Bowers has lots more, but on this point he notes:
Even on the Republican side, for all of their vaunted ability to run primary challenges against their sitting incumbents, the only real win they have against a federally elected incumbent is Sununu over Smith in New Hampshire in 2002. We may be 0 for 1, but they are 1 for 100. Primary challenges are almost always failures at the ballot box.
However, even in electoral defeat the Republican base has often succeeded in forcing some incumbents to start toeing the conservative line. If Cuellar becomes a more reliable vote as a result of this primary, then we will have succeeded anyway. If Cuellar makes fewer appearances with Bush, then we will have succeeded anyway. We won't know if that has happened right away, but we do know that even if things don't change, we can always run another primary challenge against Cuellar in 2008. Netroots electoral wins may seem few and far between (Chandler, Obama, Herseth, Dean for DNC), but the only way we are going to get more of them is if we keep trying.

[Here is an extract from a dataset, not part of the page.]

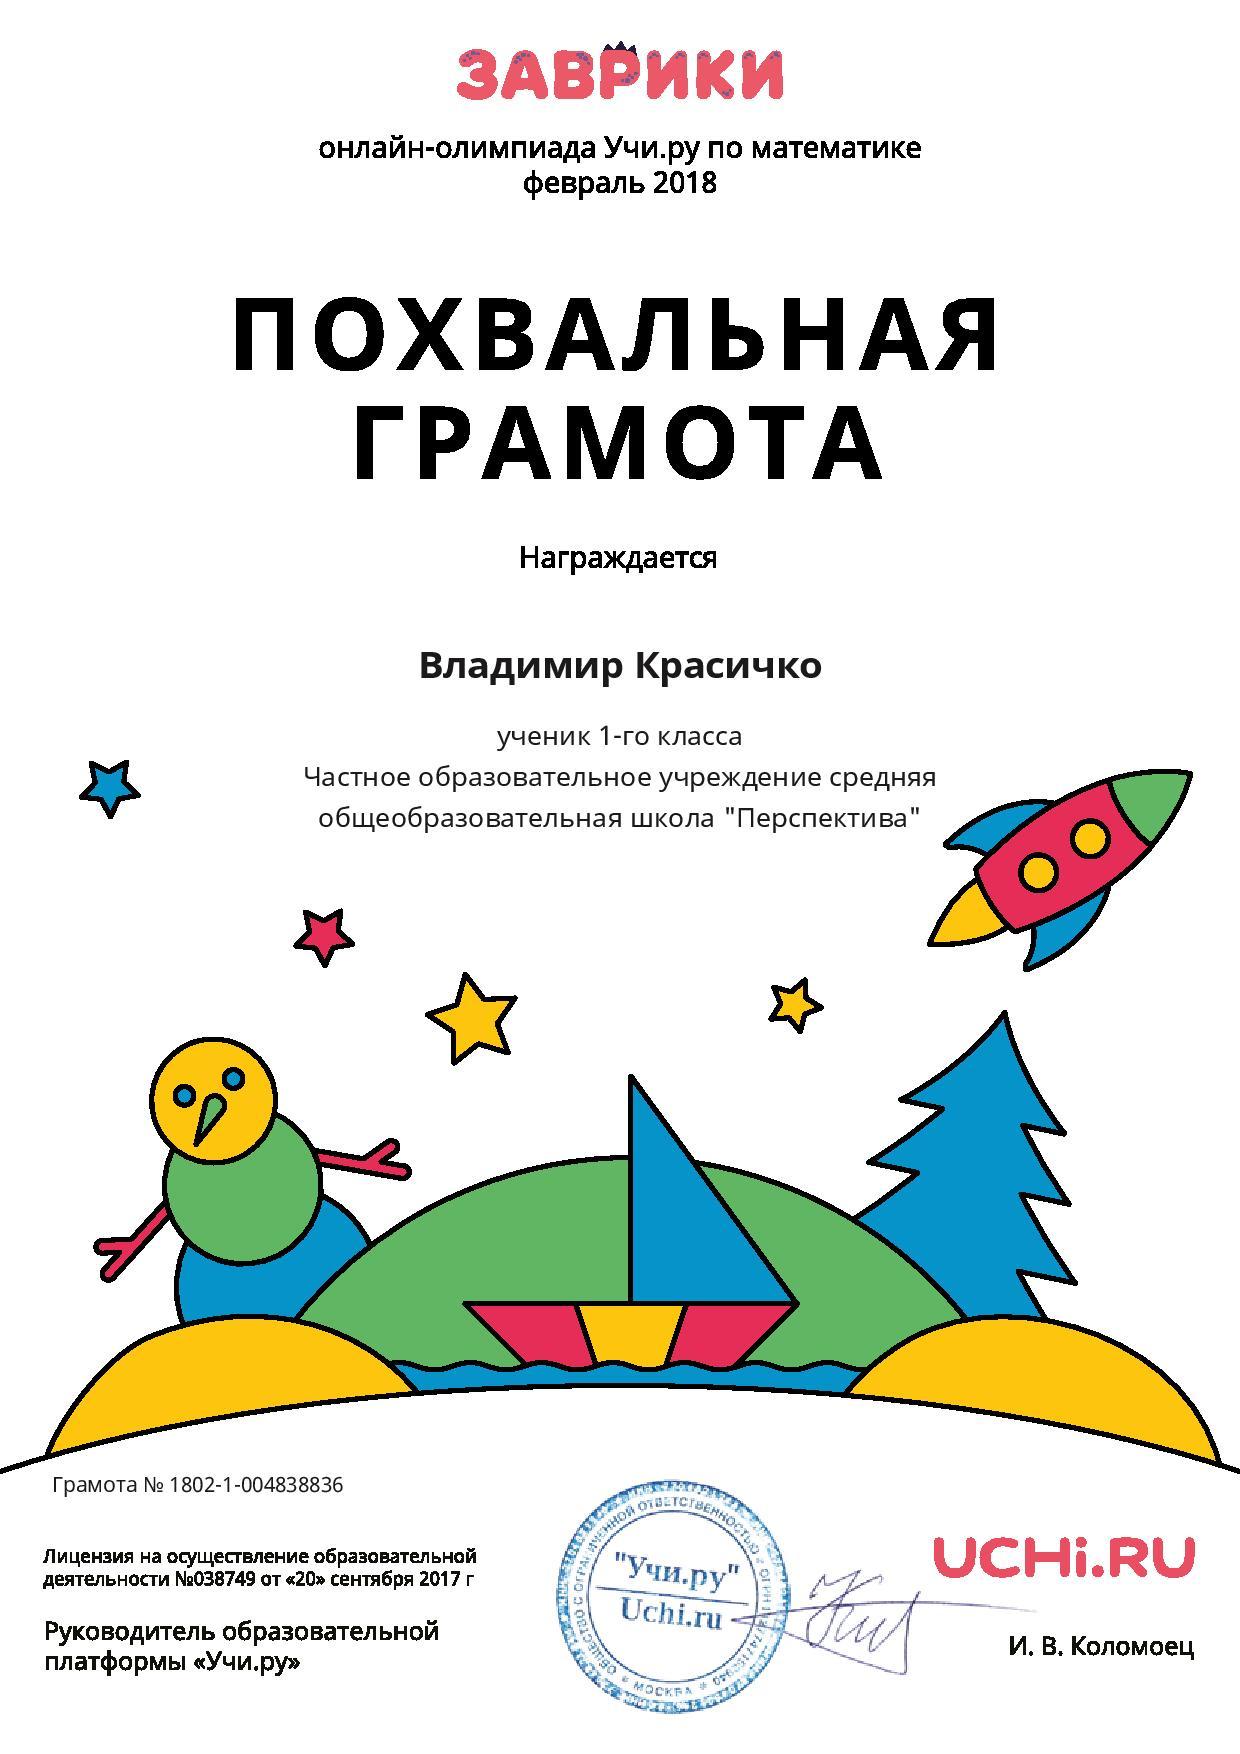 Gramota_Vladimir_Krasichko_5468962 (1)-page-001

If one of the problems we face as a party is lack of discipline from our elected officials, this is the way to start enforcing some discipline. Just the threat of being primaries could force some Dems to take a step back from certain votes, no matter how many lobbyists dangle scrumptious checks before their faces.
If we want to build the kind of Democratic Party we all yearn for, we can't let "Democrats" like Cuellar continue to burn our brand and harm the party. Doing something was better than doing nothing. We're a nascent movement a scant two years old. The Right built theirs over 30 years. We won't take over the world in two. But this netroots/grassroots/labor coalition is the blueprint for a more effective national progressive movement, and this was the first time we all worked together.
it won't be the last.
Update: Two more thoughts, spurred by an email Armando sent me -- if Cuellar had a Republican opponent in November, I would support Cuellar for the general. The time to fight for the soul of the party is in the primaries. Once the primaries are over, I'm happy to get behind whoever wins.
But for that same reason, it's important that primaries be closed. Independents and Republicans have no business meddling in internal party decisions (like they can in Texas). There's a worthy project for someone to take charge of -- which states have open primaries, and what is the process for closing them.